В тот же вечер Я. Л. Леонтьев (он служил теперь в дирекции Большого театра, и Булгаковы стали его частыми гостями в директорской ложе) «показал сегодняшнюю «Правду», в которой Афиногенов благословил Театр (т. е. MXAT. — M. Ч.) фельетоном о том, как пьесы бесконечно репетируют и даже по 4 года. Прямо праздник на душе: так им и надо, подлецам!» Женщиной владело чувство гнева, обиды, мести за мужа, но важней другое — вера в то, что рука Немезиды непременно остановится, как только поразит их врагов.
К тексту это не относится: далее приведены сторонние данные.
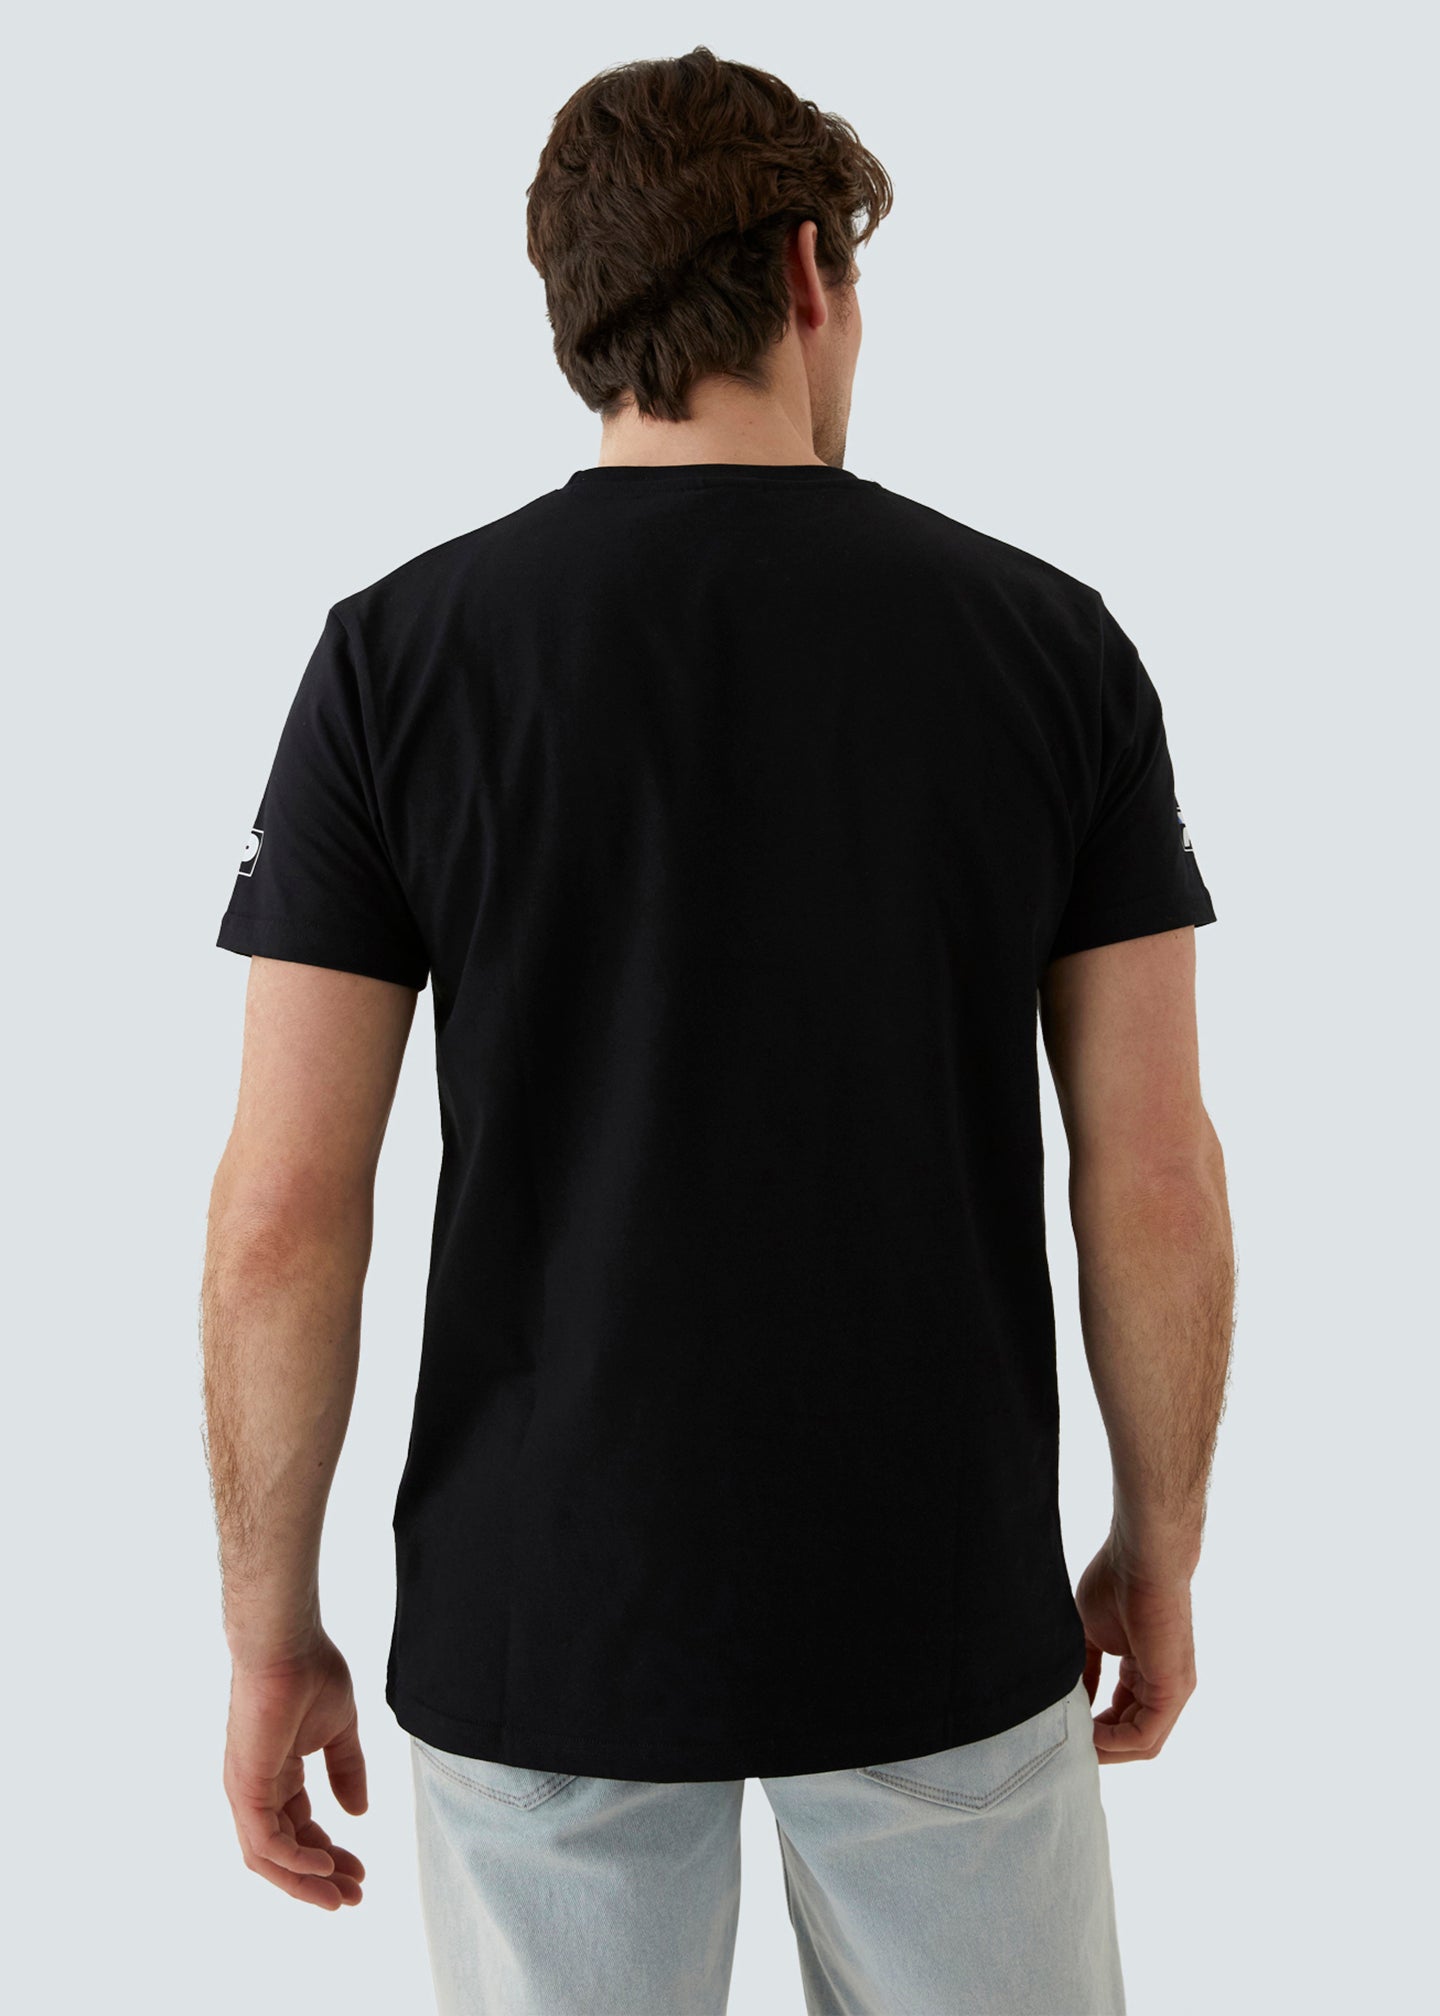 Joe T-Shirt - Black

20 октября к Булгакову (он болеет) приезжают из театра Сатиры вместе с представителем Реперткома. «Трудный, тяжелый, неприятный разговор, хотя и шел в довольно милых тонах. Млечин никак не решается разрешить пьесу. Сперва искал в ней какую-то вредную идею. Когда не нашел, стал расстраиваться от мысли, что в ней никакой идеи нет. Истязал этими вопросами Мишу. Такие разговоры вести невыразимо мучительно. Уехал, сказав, что пьесу будет читать еще раз вечером». По-видимому, театр страховался и сам — Елена Сергеевна записывает реплику Млечина, обращенную к его представителю: «Ведь у вас же есть опасения какие-то...» Бессмысленная трусость и подхалимство — вот причина всех этих дел!» — решительно заключала Елена Сергеевна, как всегда, отражая в какой-то степени в своих записях настроения и оценки самого Булгакова.